• [Problem statement]: Leaving the pictures out, print the lines from the first line of the listing through the line containing "Chelsea Phil Private", exactly as they read, and no others.

• [Available data]:
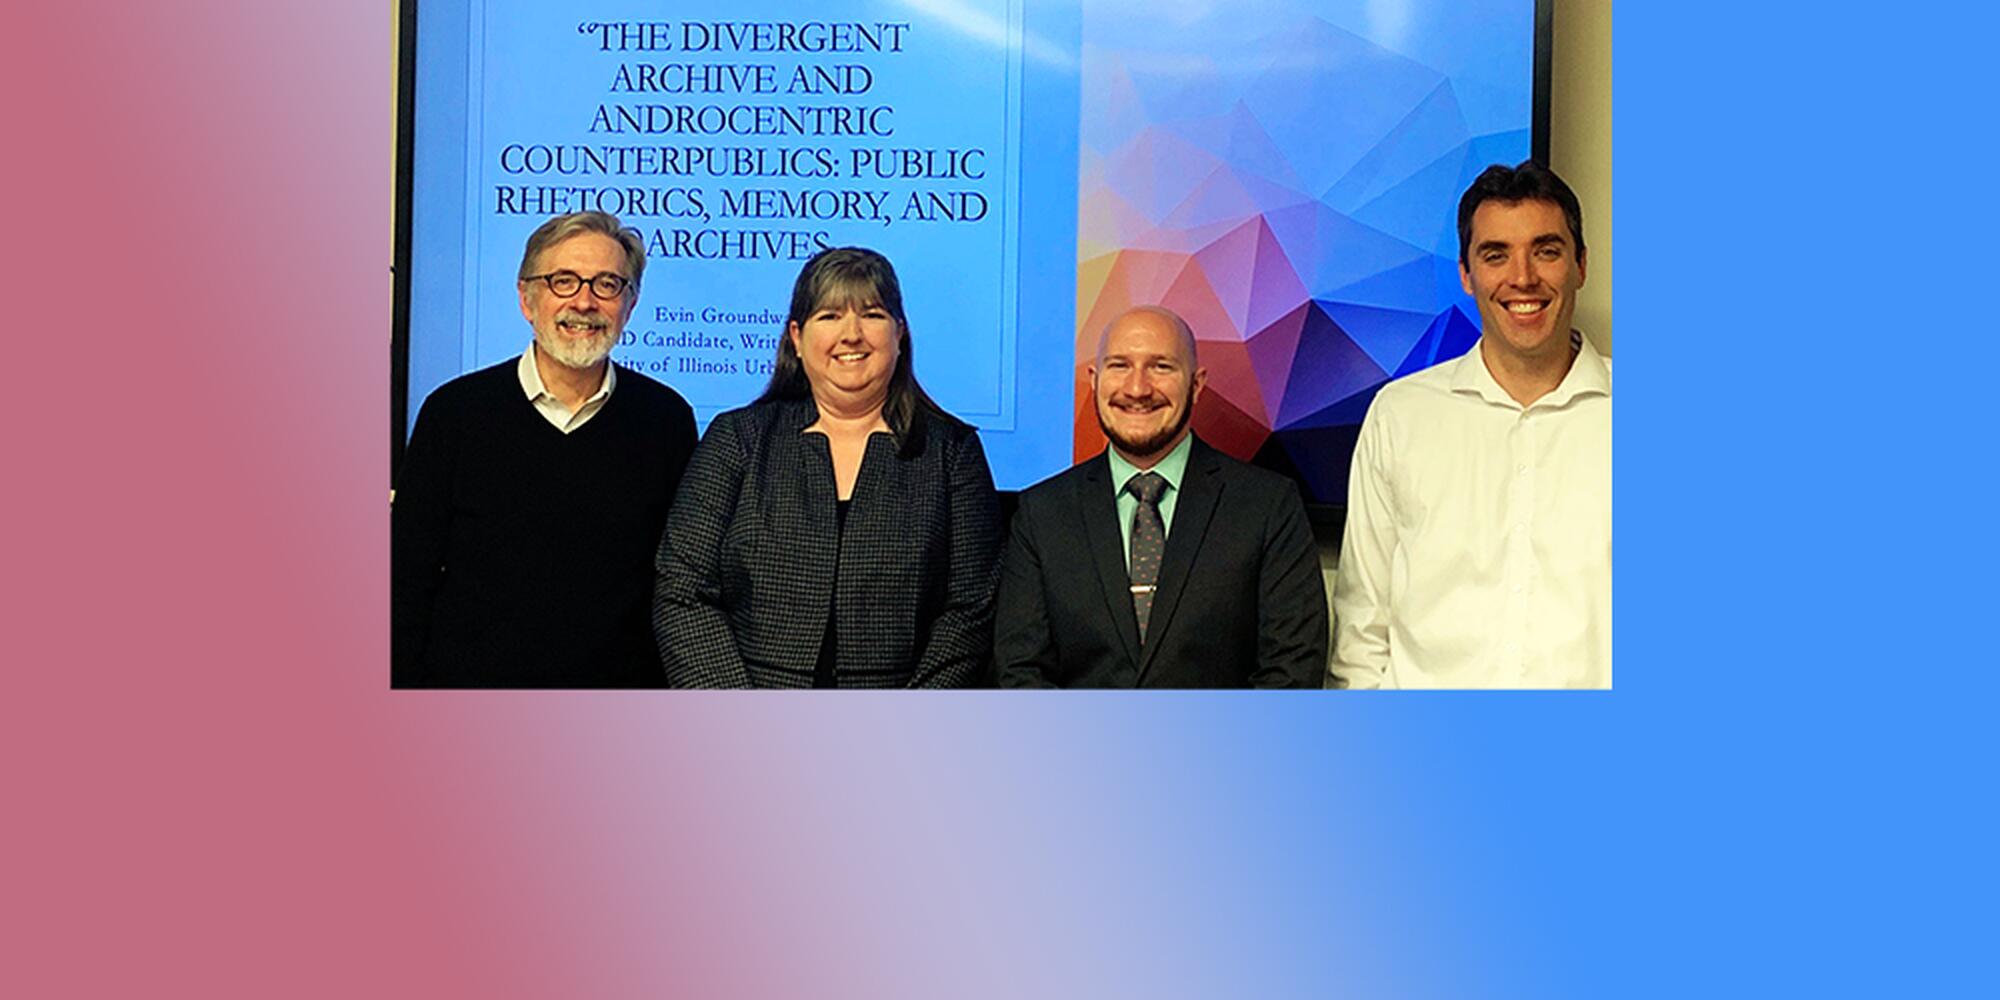 Four white people stand side by side against a cover slide for a dissertation defense; the slide reads "The Divergent Archive and Androcentric Counterpublics: Public Rhetorics, Memory, and Archives." One of the people present is a PhD candidate who just defended his work; the other three are professors (a man with grey hair, a beard, sweater, and glasses; a woman wearing a blouse; and a man wearing a white dress shirt).
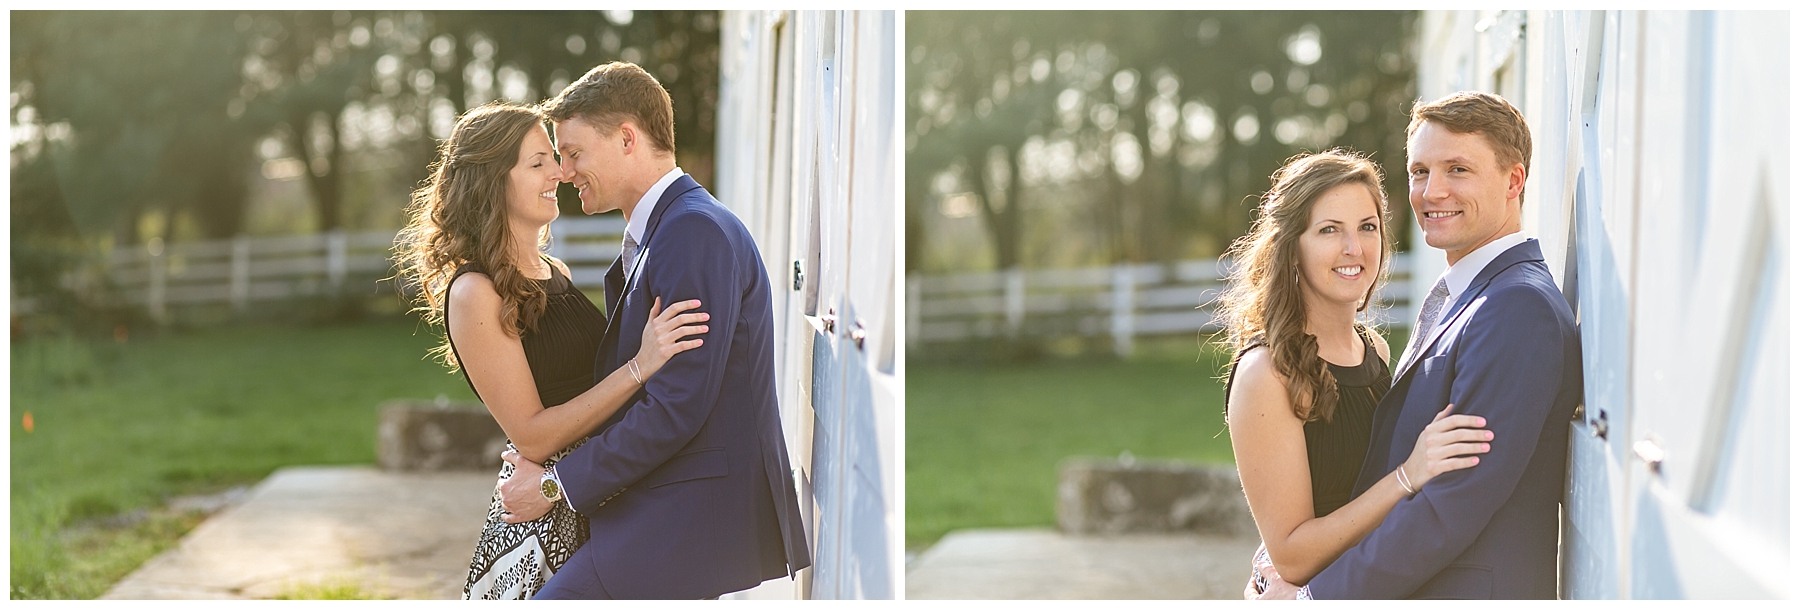 Chelsea Phil Private Estate Engagement Living Radiant Photography photos color_0016.jpg
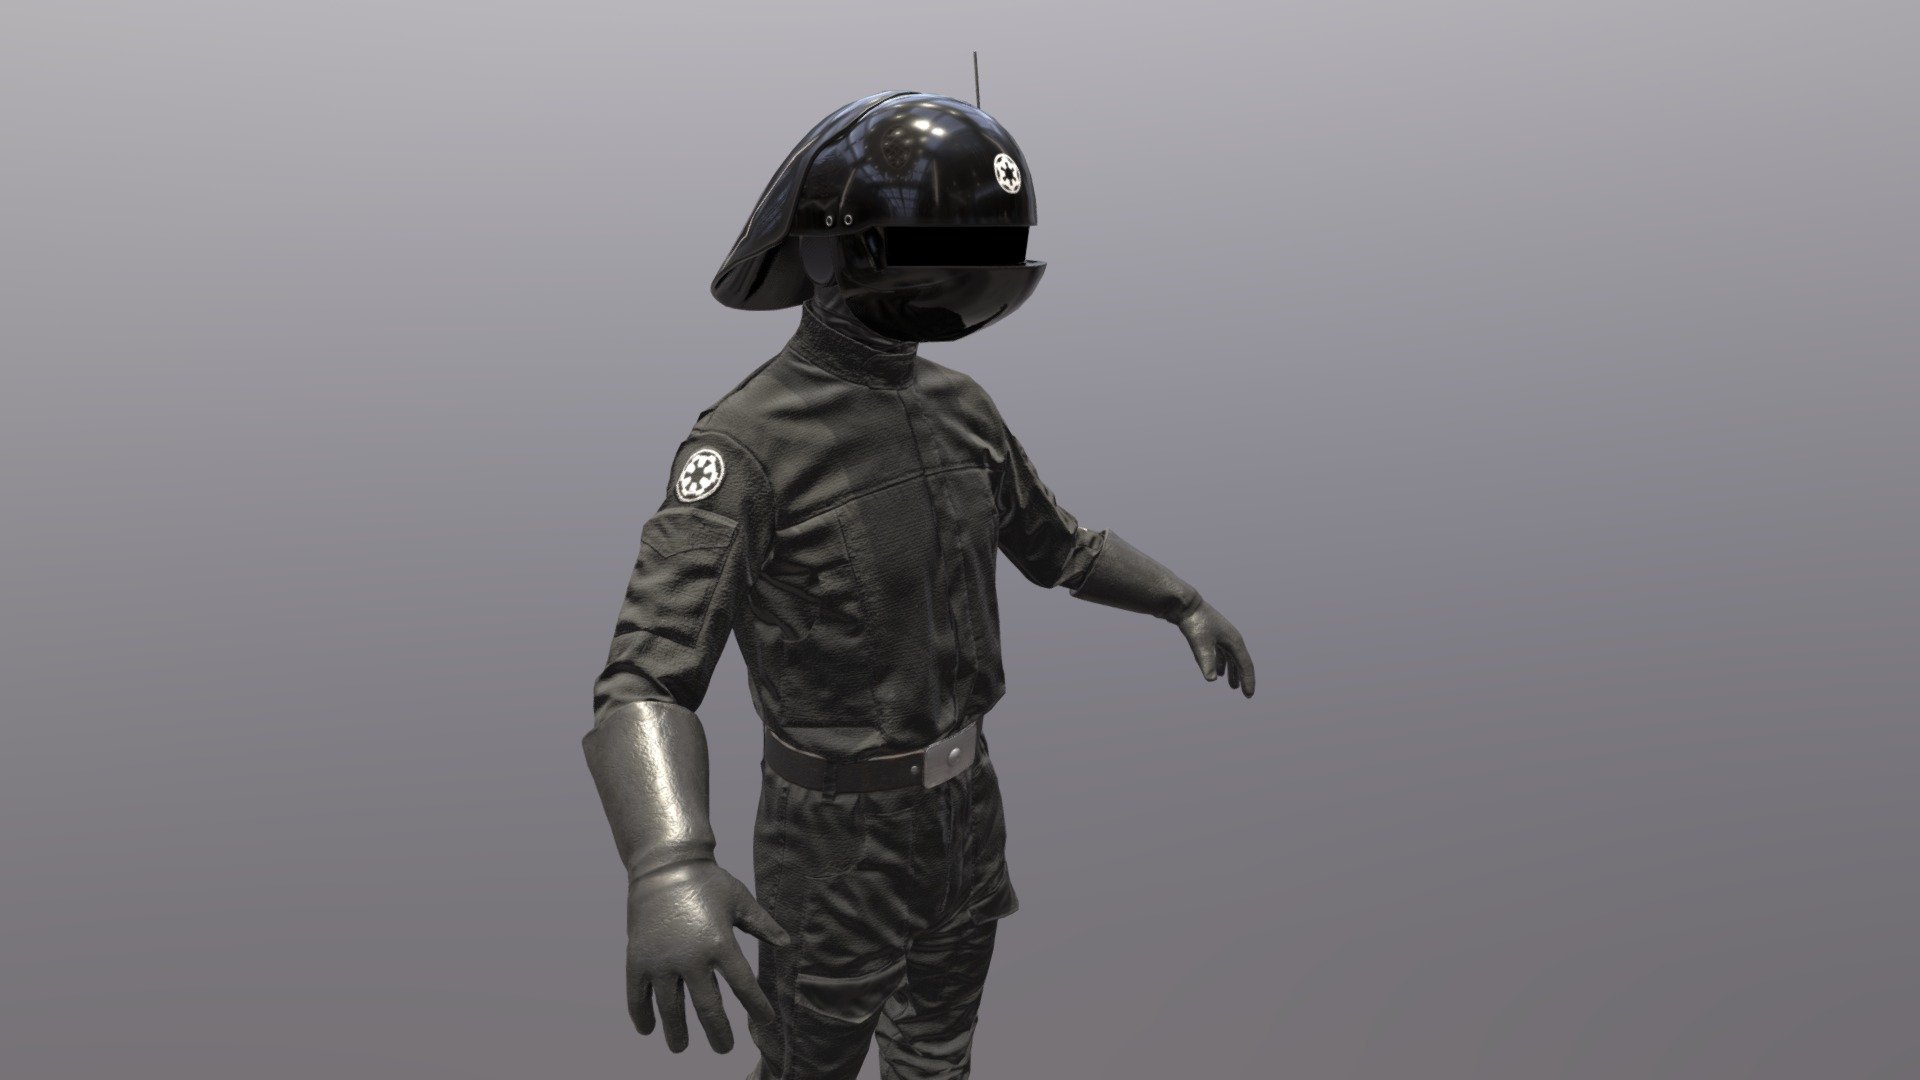 The Death Star Gunner from Rotj made for a Battlefront 2 mod - Imperial Gunner (Return of the Jedi) - 3D model by This_Guy446 (@pai0003) 3d model

• [Result of the exercise]:
 Four white people stand side by side against a cover slide for a dissertation defense; the slide reads "The Divergent Archive and Androcentric Counterpublics: Public Rhetorics, Memory, and Archives." One of the people present is a PhD candidate who just defended his work; the other three are professors (a man with grey hair, a beard, sweater, and glasses; a woman wearing a blouse; and a man wearing a white dress shirt).
 Chelsea Phil Private Estate Engagement Living Radiant Photography photos color_0016.jpg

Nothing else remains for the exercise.